After a couple of weeks of beautiful, mild, autumn weather, a cold breath of air has moved in from the north and is sending the cottonwood and poplar leaves skittering across the deck and clattering against the window. Dsc_04122008-11-07Winter is knocking at our door, and many of us may dread the snow, cold, and bleak gray days that are coming.

I am reading Ted Kooser’s memoir, Local Wonders, during my morning reading and journaling time. The book is organized around the seasons of the year and I’m in the last section set in the wintertime. This morning I read about Kooser receiving a cancer diagnosis earlier in the year. He was unable to write for months afterward. He “began to heal” as he put it, near the beginning of winter when he started going for walks. Much to his surprise and delight he was able to write a poem after one of the walks. He continued writing a poem after each daily walk, scribbled them on a postcard, and sent them to a friend. He eventually put them together in a collection titled Winter Morning Walks: 100 Postcards to Jim Harrison.

I loved learning that Kooser regained his poetic voice and began to recover his health in the winter, a season that we often associate with death and endings. The trees look barren and dead, most of the birds have left for more temperate climates, and the lush plants that thrived in the summer gardens are twisted and shriveled. The ferocity of the winter weather also reminds me of how small I am compared to the power of nature. I feel much the same way when I gaze at the night sky and the mysterious, infinite spaces between the stars. I find it oddly comforting that I am not in control.

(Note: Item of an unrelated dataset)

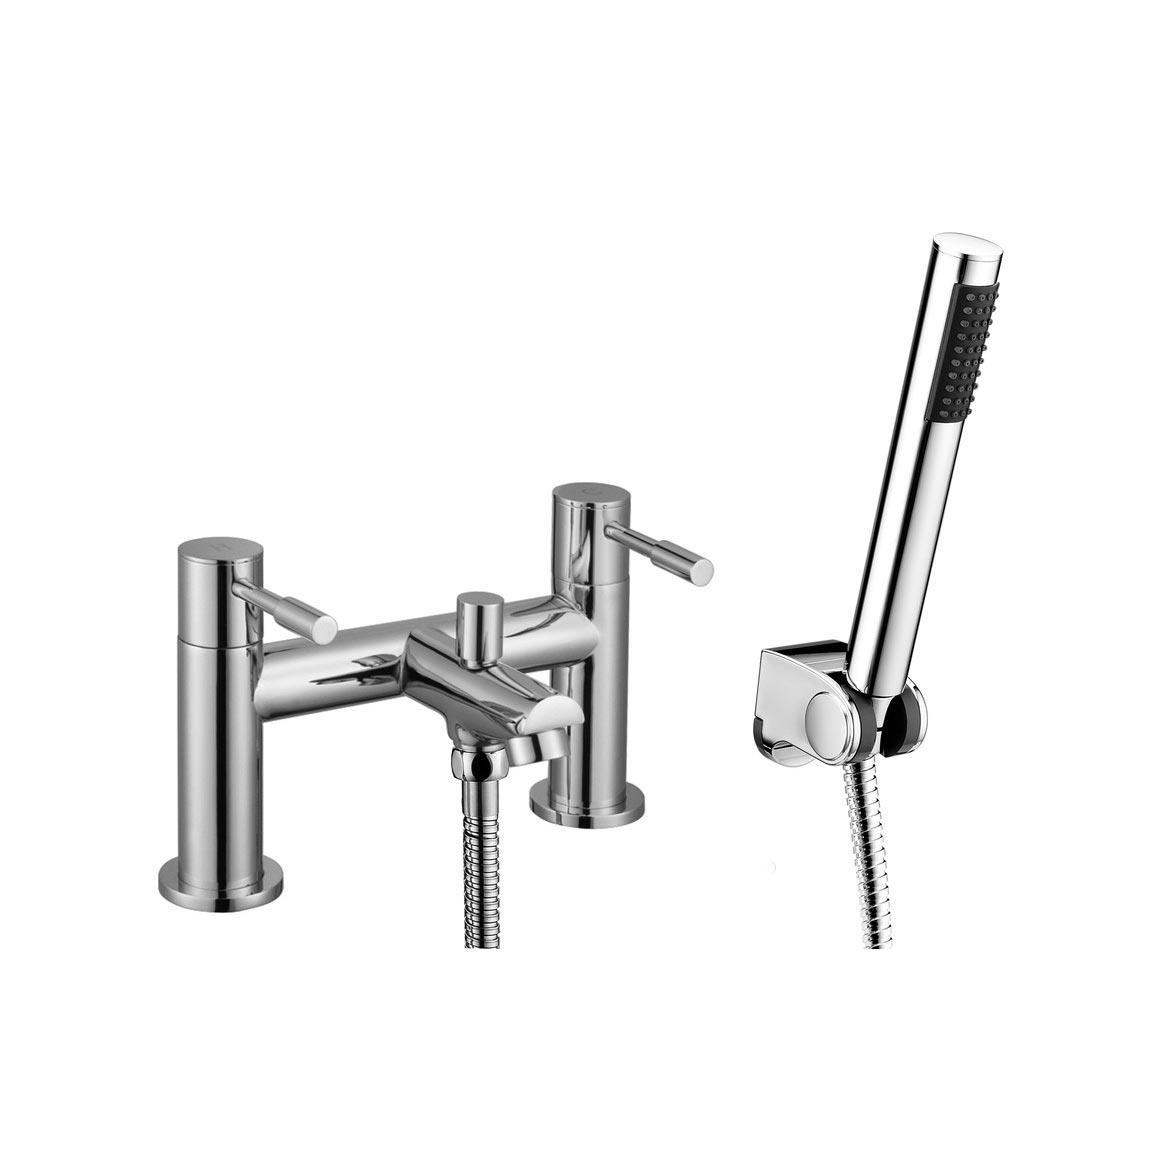 Primo Bath Shower Mixer Tap Chrome - Heat & Things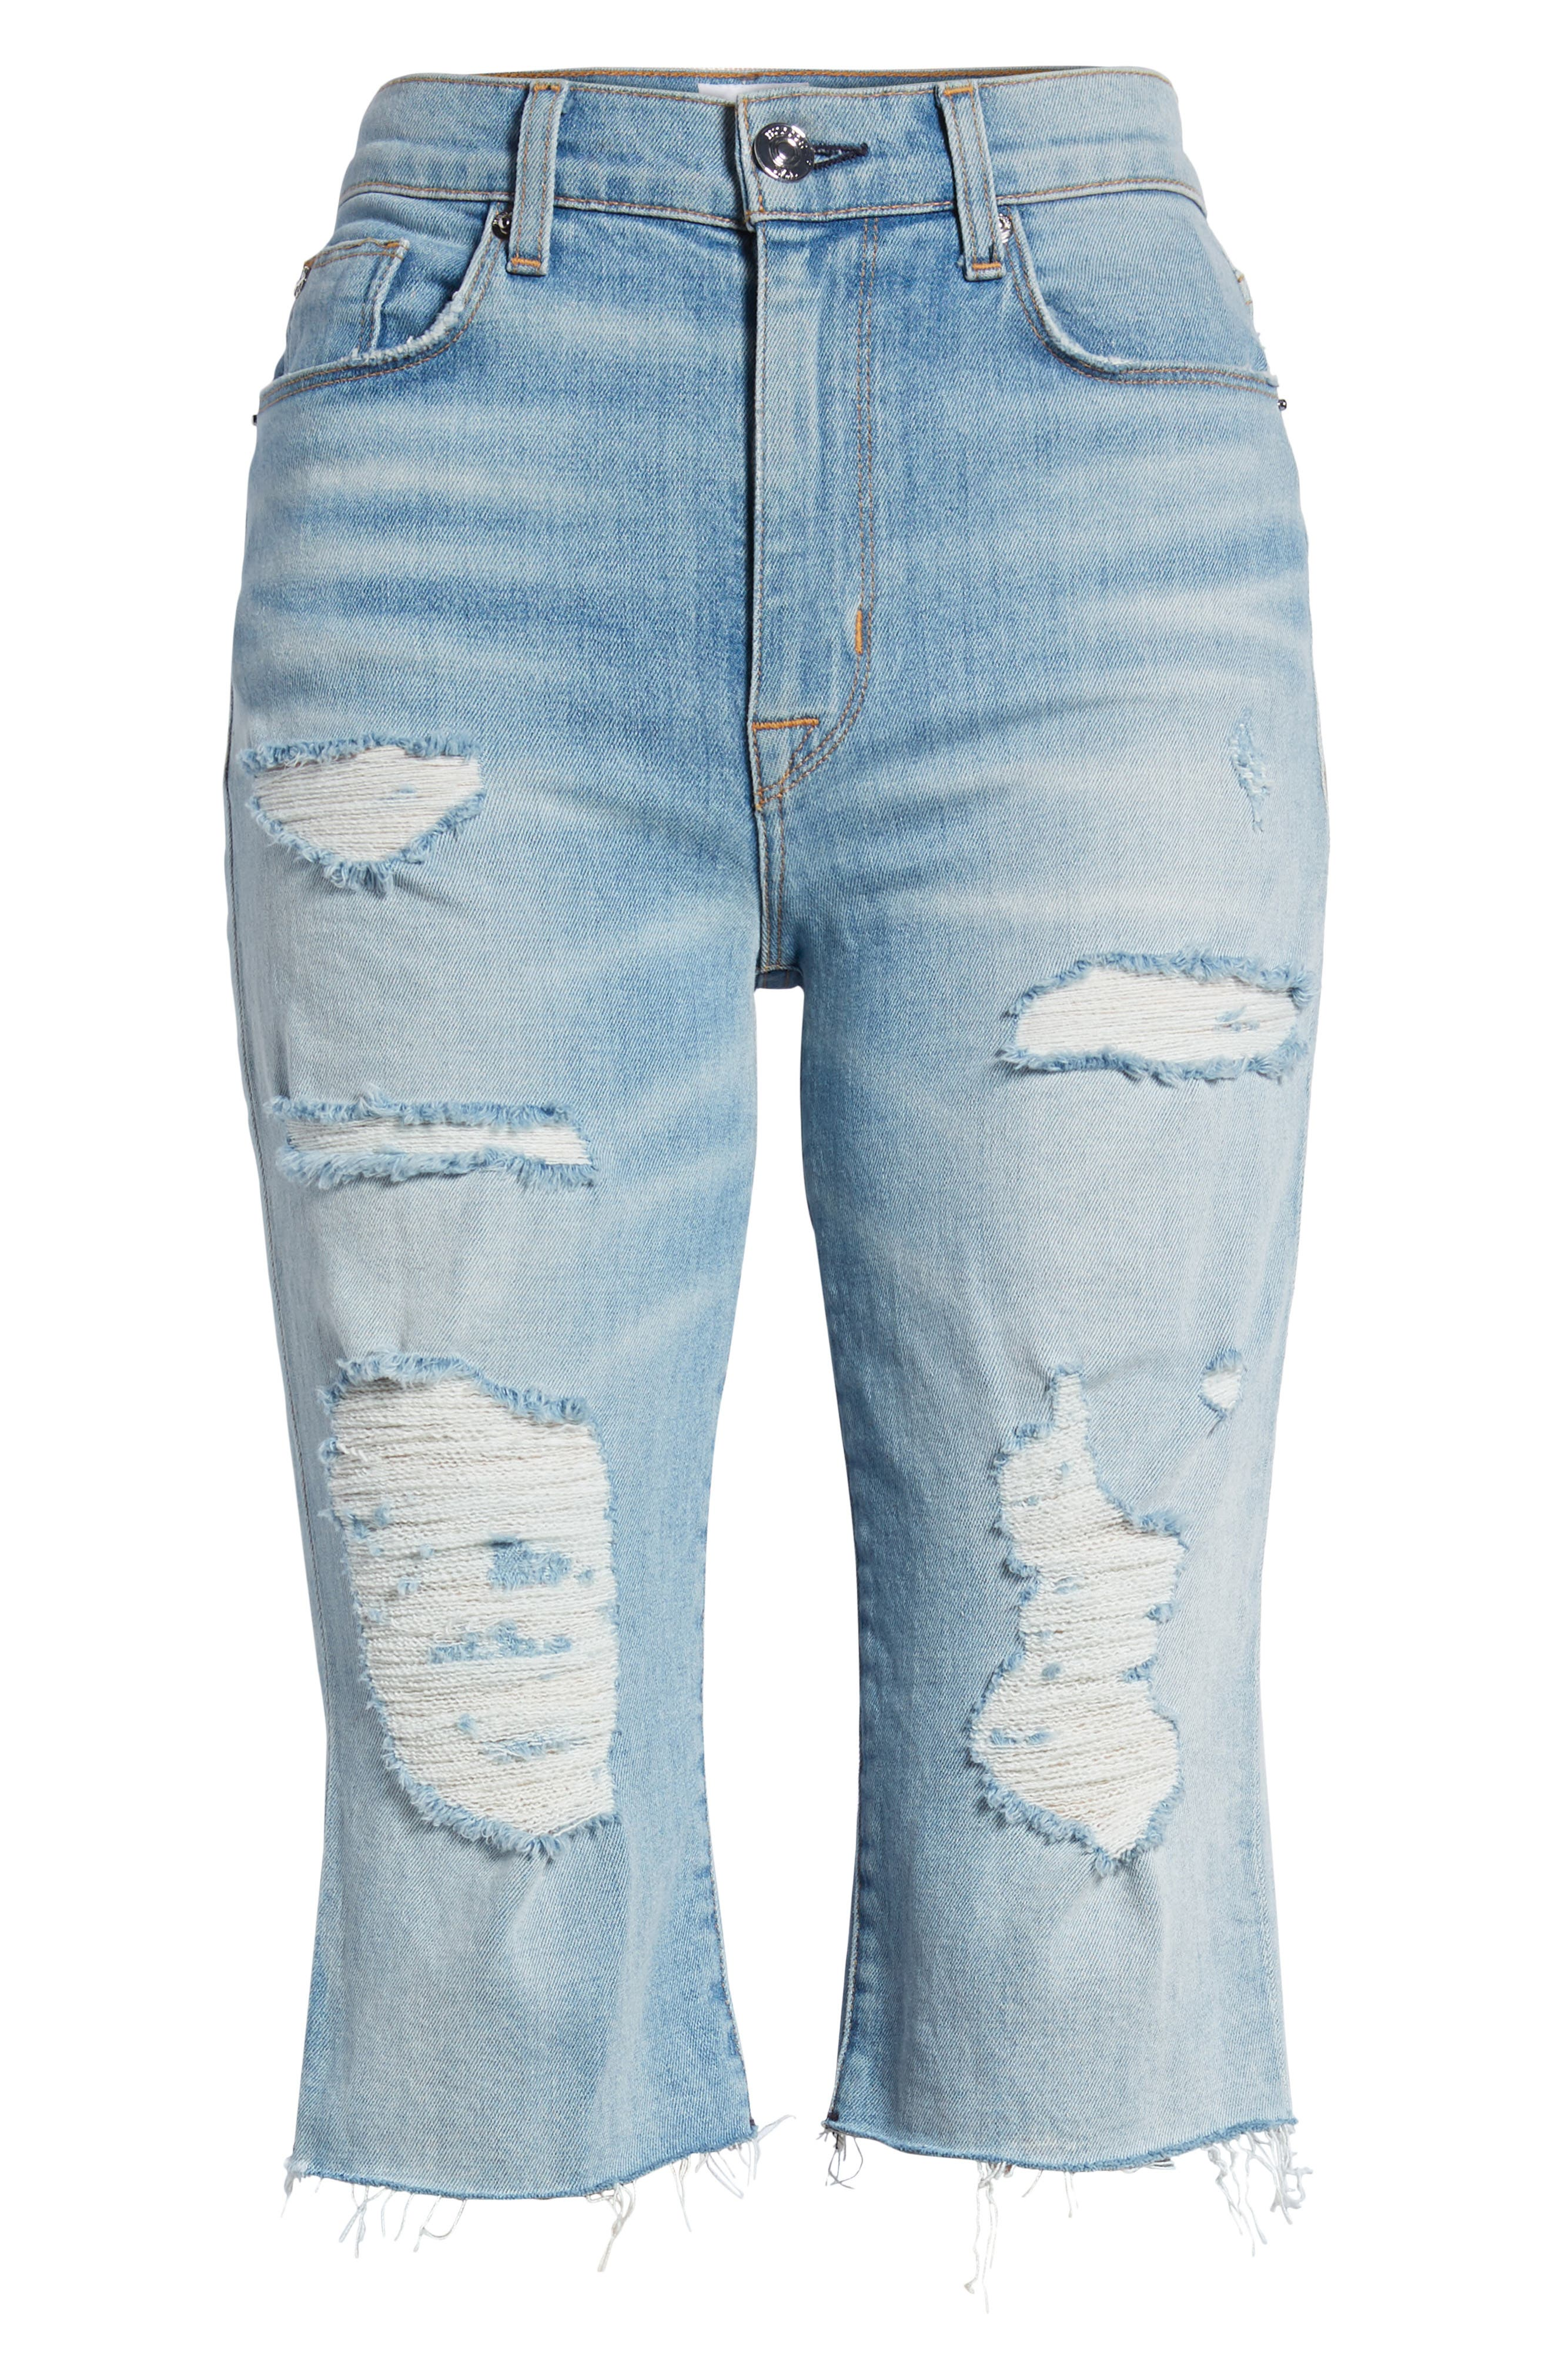 Zoeey High Waist Cutoff Boyfriend Shorts,                             Alternate thumbnail 7, color,                             420

Winter is a time for slowing down, enjoying the silence and the crisp contrast between light and dark. There is very little color in the landscape, but that serves to help us appreciate the more subtle hues created by the winter light: the blue at the bottom of a footstep in the snow, the rainbows that the sunlight creates inside the crumbs of frost scattered on the tree branches. The abundant life that surrounds us in summer seems to have disappeared, but actually it has just gone to a deeper place, a safe place to rest and build up its stores of energy to burst to life again in the springtime.

Living things need both the light and the dark, summer and winter, moisture and drought, cold and warmth. The dead plants in the garden will be tilled under and nourish the garden next year. They will be reborn in a new way. Nothing is wasted. The same is true for us. If we feel tapped out, exhausted, lifeless, we can take that old dead material and mulch it to create something entirely different.